The state and the CPI(M) have not dared to respond with overt violence yet, although there is news that a motorbike-borne militia is being assembled nearby by Sushanta Ghosh, the notorious CPI(M) minister, and Dipak Sarkar, the CPI(M) district secretary.  The state has been forced to accede to the bail of the three teenage students arrested by the police and have also sent Sandeep Sinha Roy, the notorious O.C of Lalgarh police station, on extended leave.  There are also reports that, being unable to quell the resistance, the state government has requested the central government to send paramilitary forces to help in their efforts.

What we are witnessing in the tribal belt of West Bengal is of historical moment.  A long oppressed people have risen up and are daring to confront their oppressors and question the logic of “development” that destroys their lives and livelihoods.  It is interesting to observe that the nature of confrontation with the state, exceptional in scale and intensity, seems to be inspired by the popular resistance at Nandigram — thereby providing some sort of continuity to the possibility of an emerging people’s struggles against state repression.
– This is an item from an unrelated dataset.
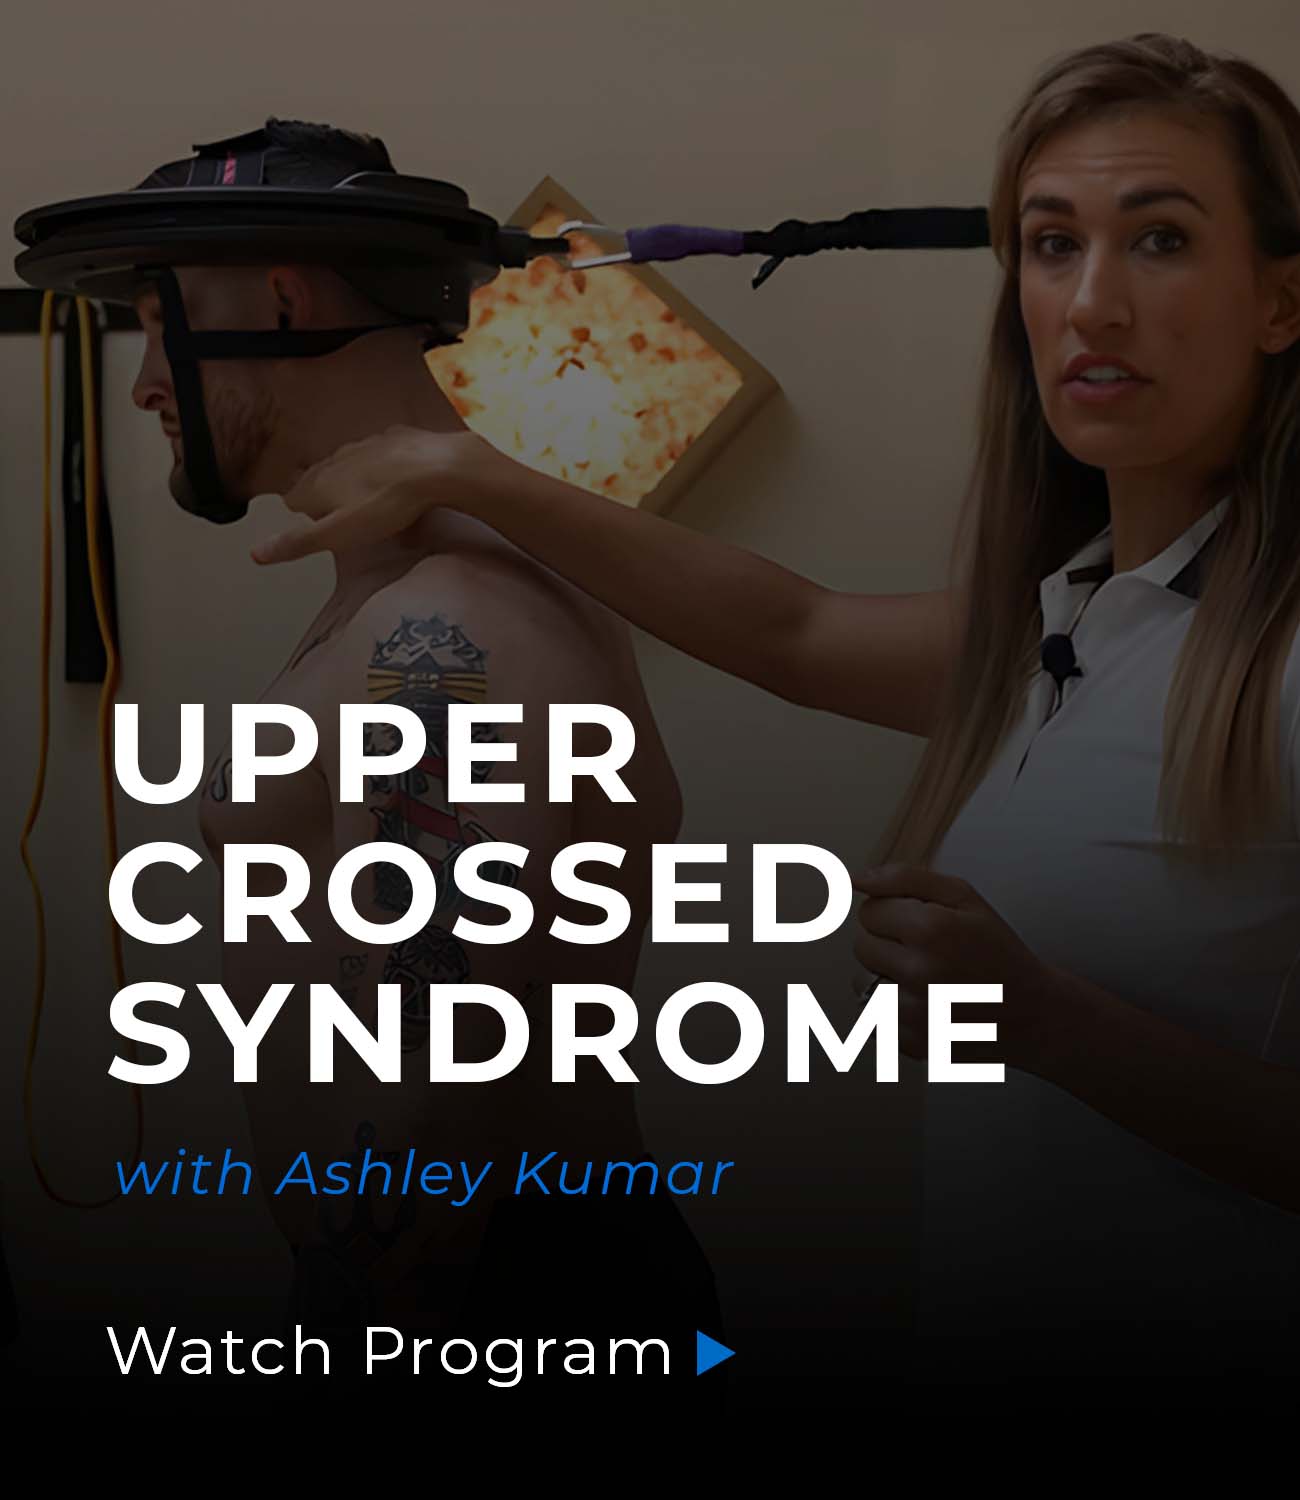 Upper crossed syndrome program cover

The West Bengal government has been alleging that the movement is being organized and led by the Maoists, and that the Lalgarh area has become a “liberated zone” for them.  These are common ploys used by the CPI(M), the government and its sympathizers to brand and delegitimize popular movements.  The mainstream media, a faithful ally of the state in such matters, has been repeating the same allegations and lamenting that such acts, which are being dubbed anarchic in nature, has resulted in the breakdown of civil authority.  In this manner, attempts are being made to dissociate the urban civil society and intelligentsia from the movement, who have not yet been able to formulate a response to the upsurge.  Moreover, using such rhetoric, the state is perhaps also trying to legitimize whatever steps it wishes to adopt in overcoming the resistance.
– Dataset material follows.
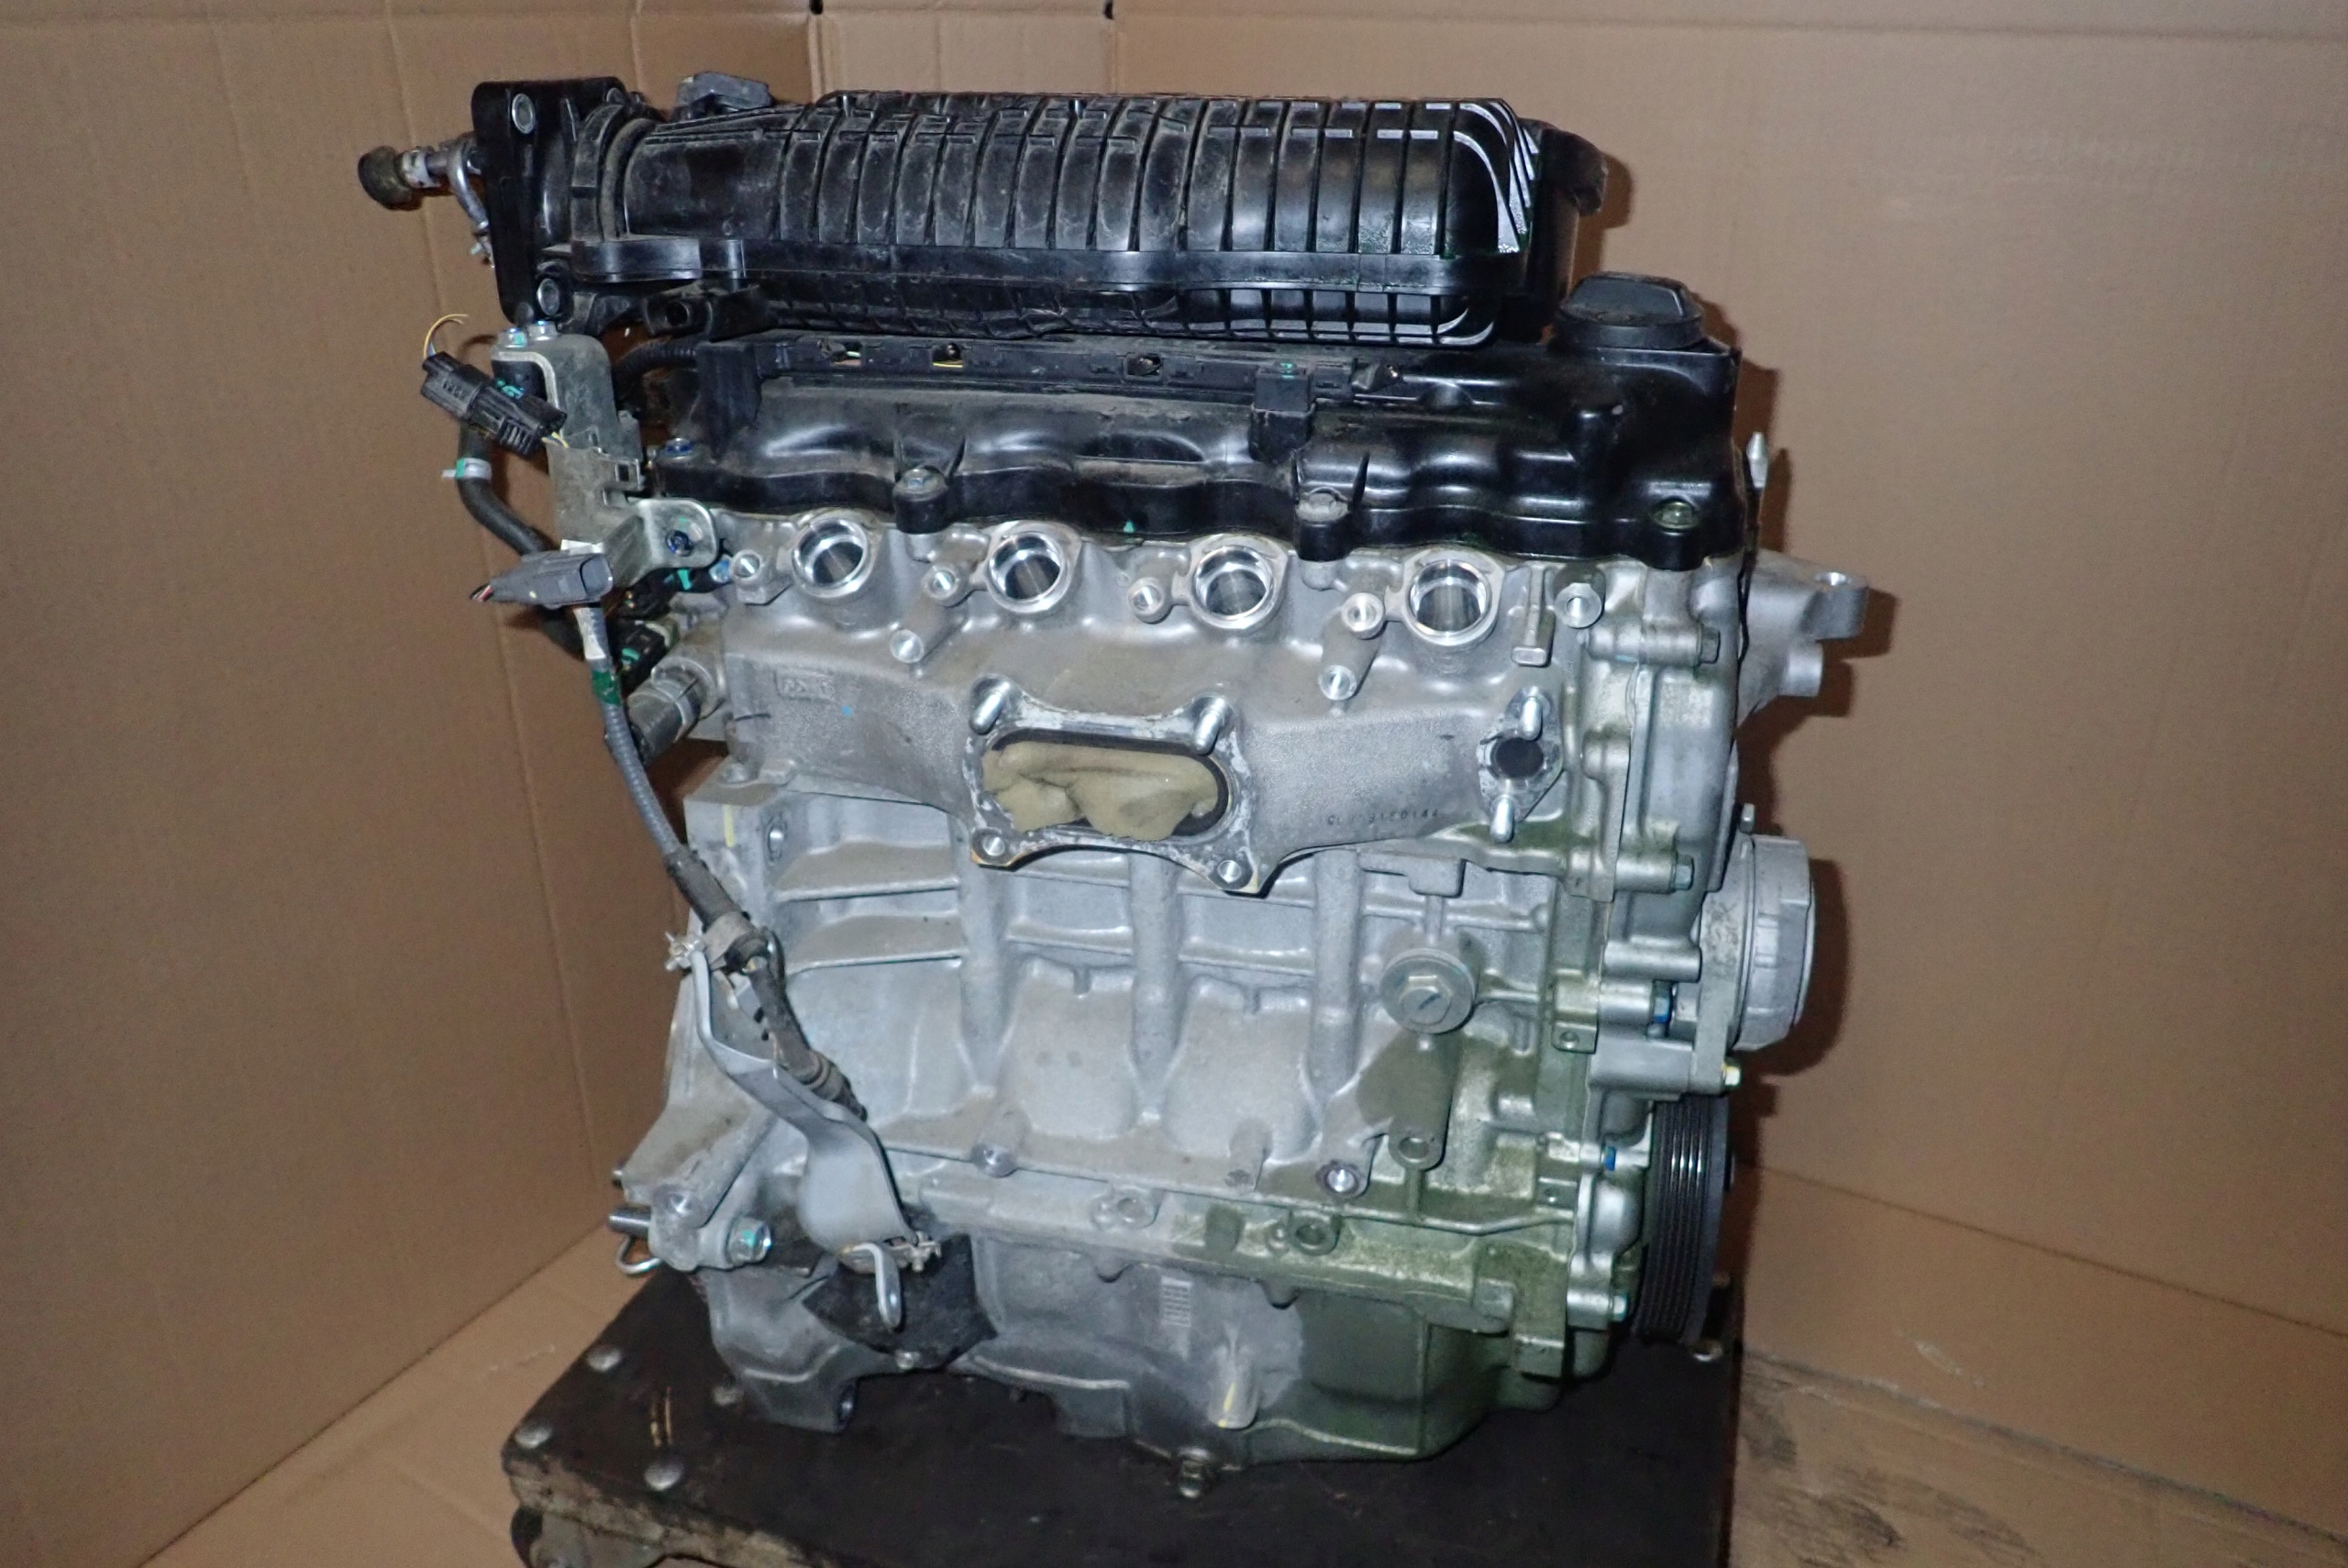 Двигателиl15a, l15b, l15c honda: характеристики, ремонтопригодность

It is quite expected that radical political forces would have been active among the adivasis as the latter have been the most downtrodden people in India and it is their land and resources which are being handed over for corporate plunder.  However the presence and participation of the Maoists or similar forces in no way delegitimizes this seemingly spontaneous, and democratic, expression of people’s anger.  This is amply expressed by what Arati Murmu, a woman who had been assaulted by the police, and who had gone to block the Lalgarh police station, had to say:

“Whenever there is a Maoist attack the police raid our villages and torture our women and children.  For how long will we suffer this oppression by the police?  All of us are Maoists, let the police arrest us.  Today we have come out.”